- [EXERCISE]:
Nothing but the lines from the one with "Concierto para piano" through the end of the material should be retyped, word for word and without pictures.
RAW DATA START
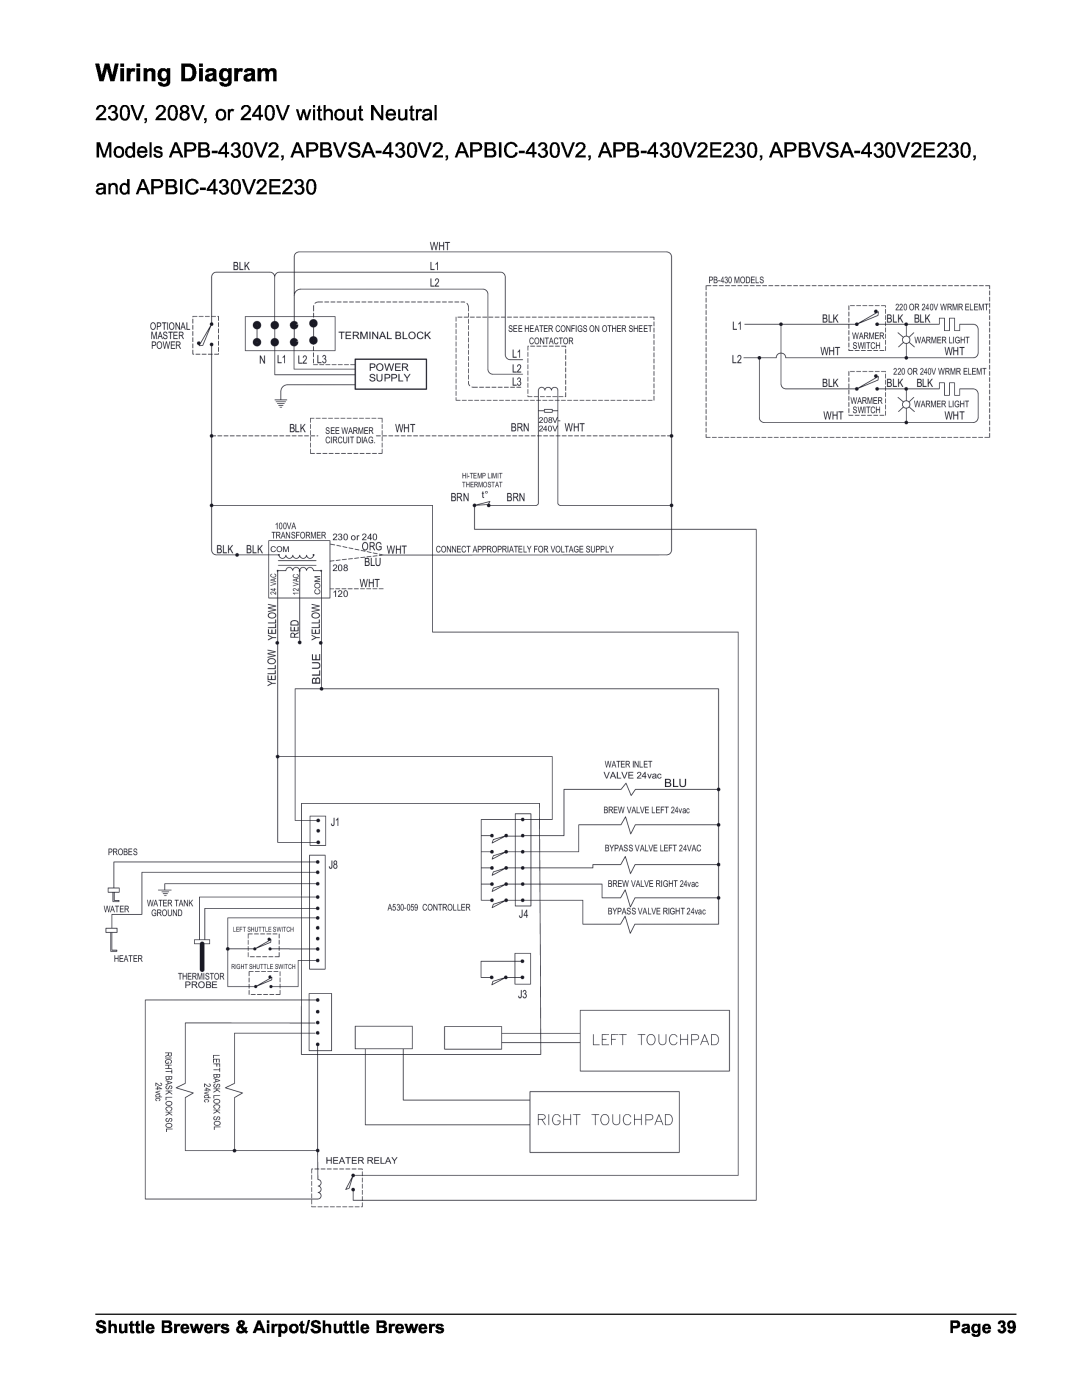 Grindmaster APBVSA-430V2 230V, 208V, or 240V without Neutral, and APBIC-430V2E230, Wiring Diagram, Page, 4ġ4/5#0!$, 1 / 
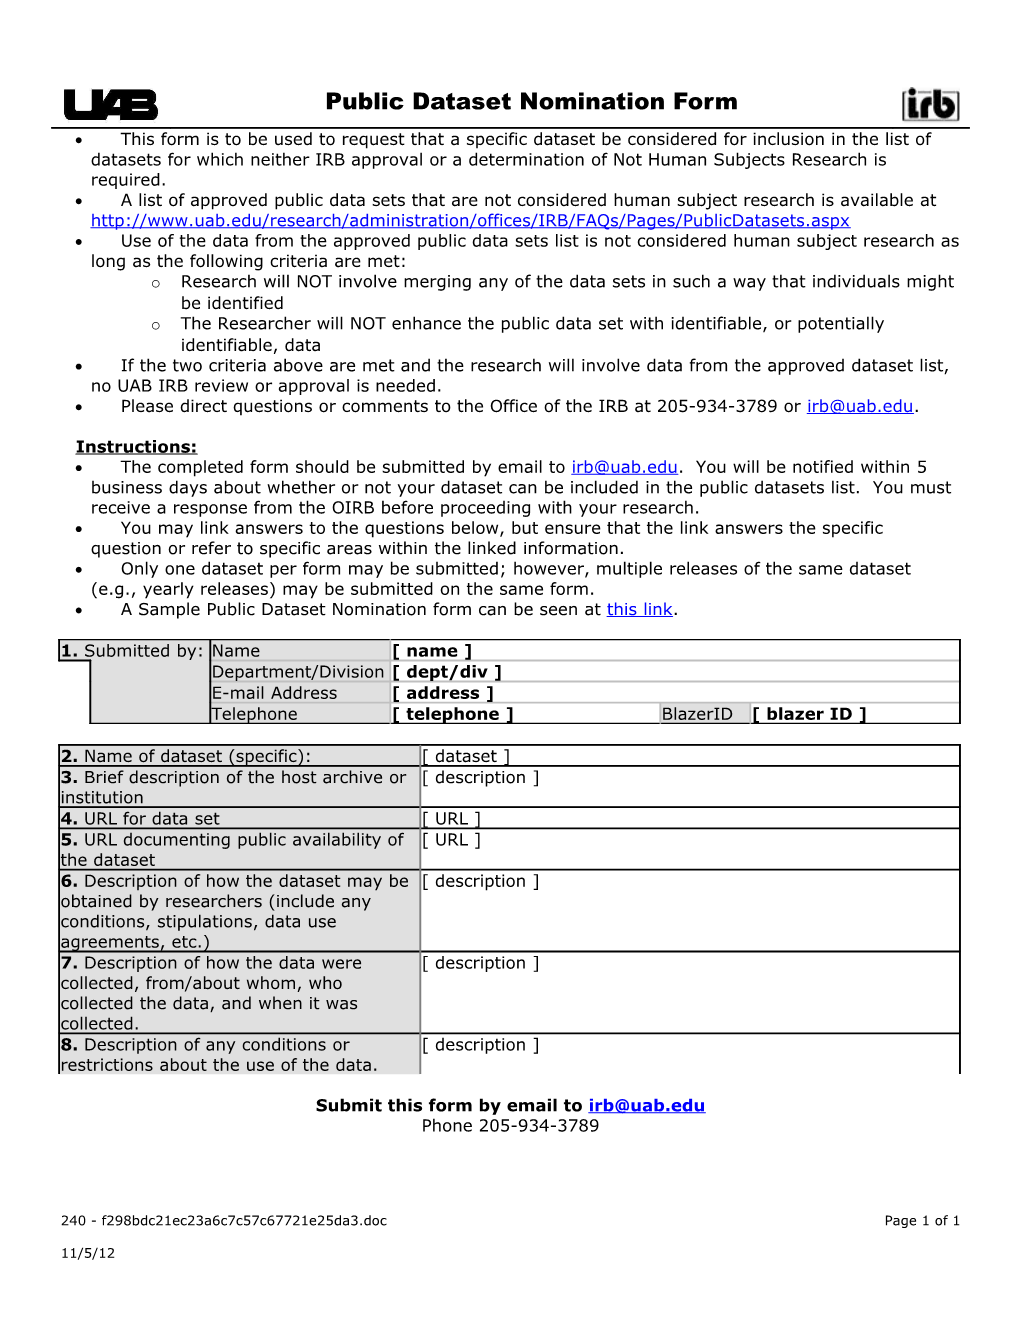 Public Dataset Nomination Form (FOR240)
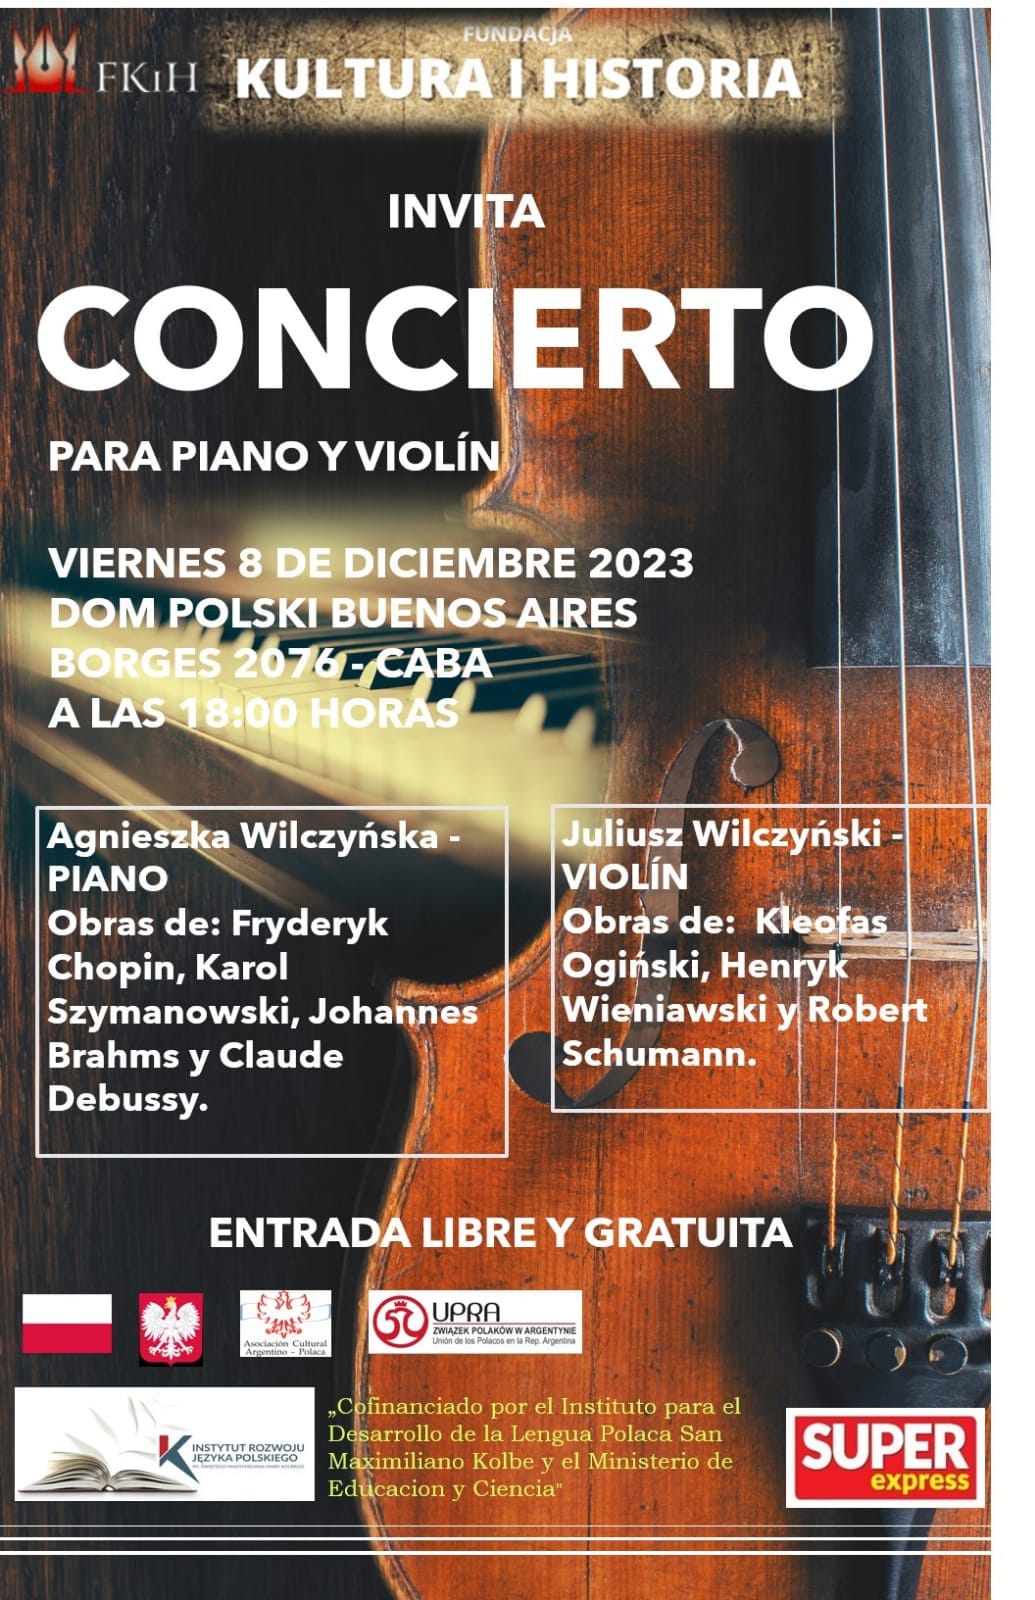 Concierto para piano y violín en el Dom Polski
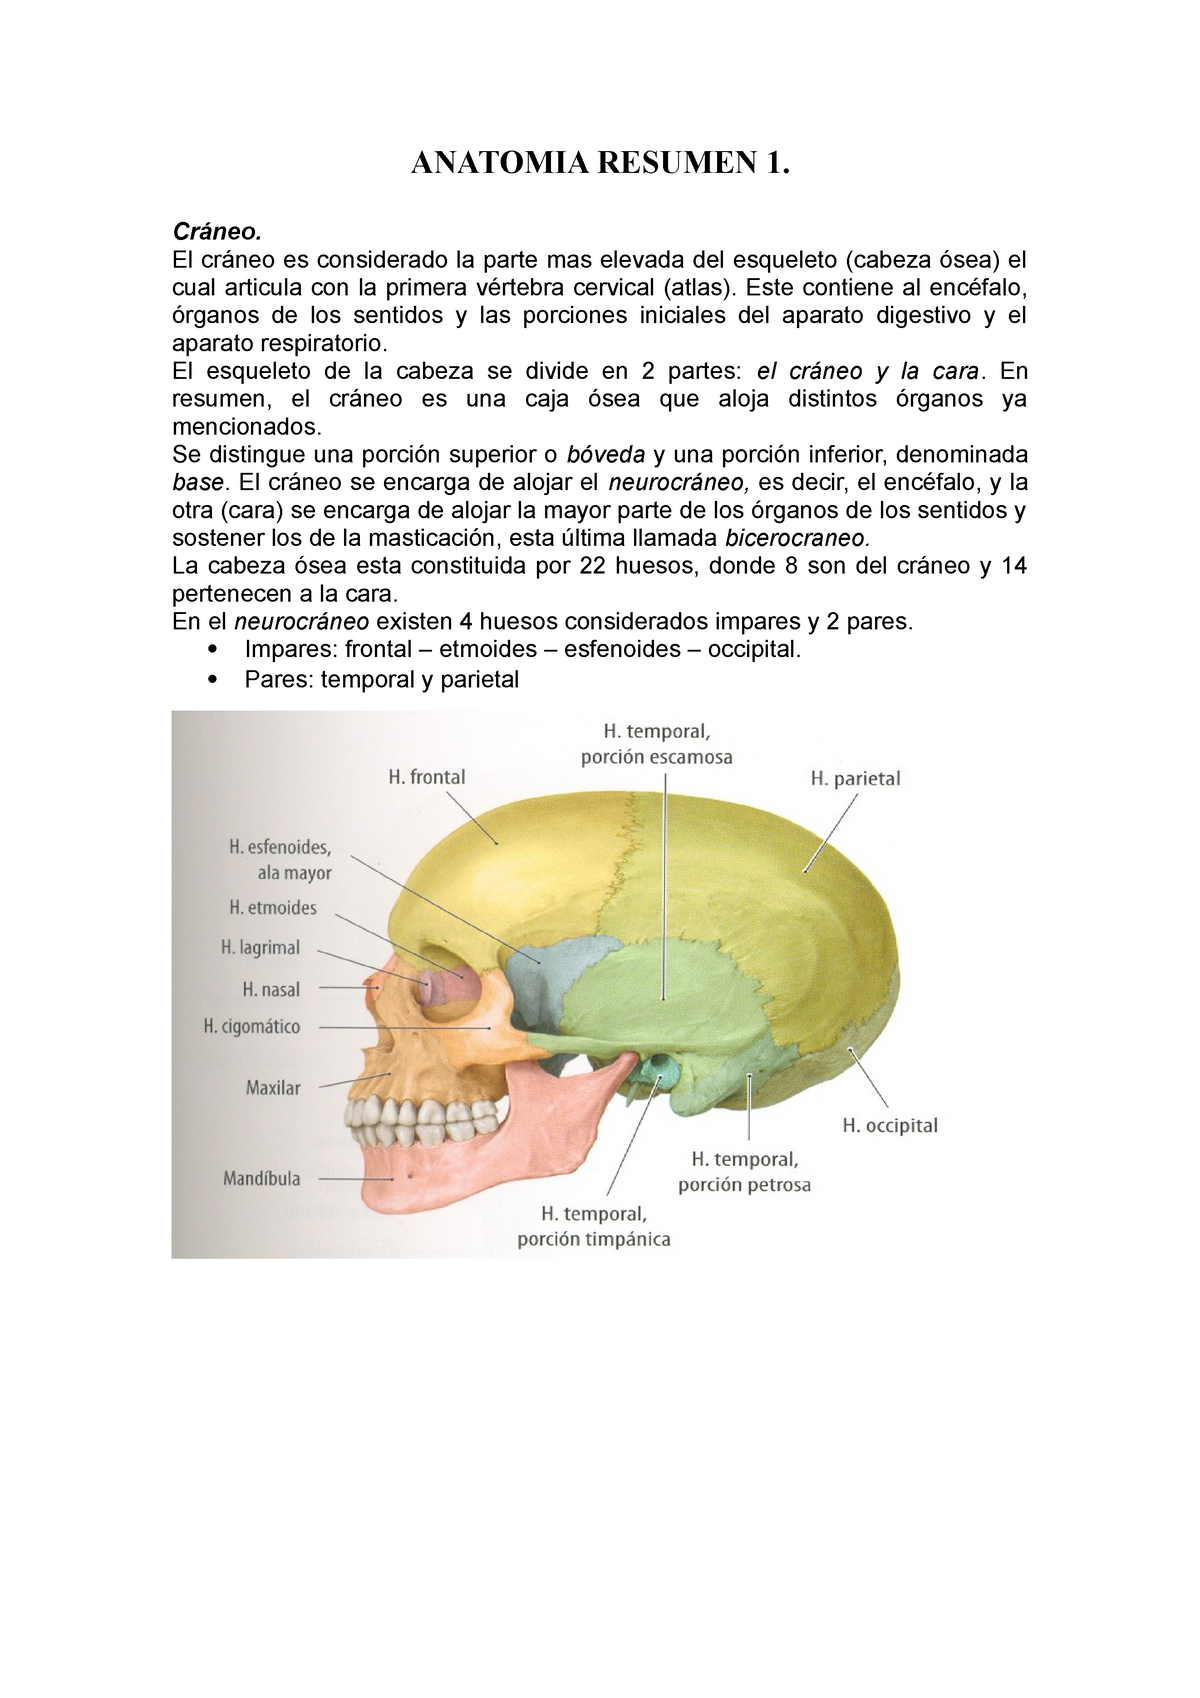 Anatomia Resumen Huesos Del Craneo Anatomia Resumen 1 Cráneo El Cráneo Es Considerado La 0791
RAW DATA END
- [FINISHED EXERCISE]:
 Concierto para piano y violín en el Dom Polski
 Anatomia Resumen Huesos Del Craneo Anatomia Resumen 1 Cráneo El Cráneo Es Considerado La 0791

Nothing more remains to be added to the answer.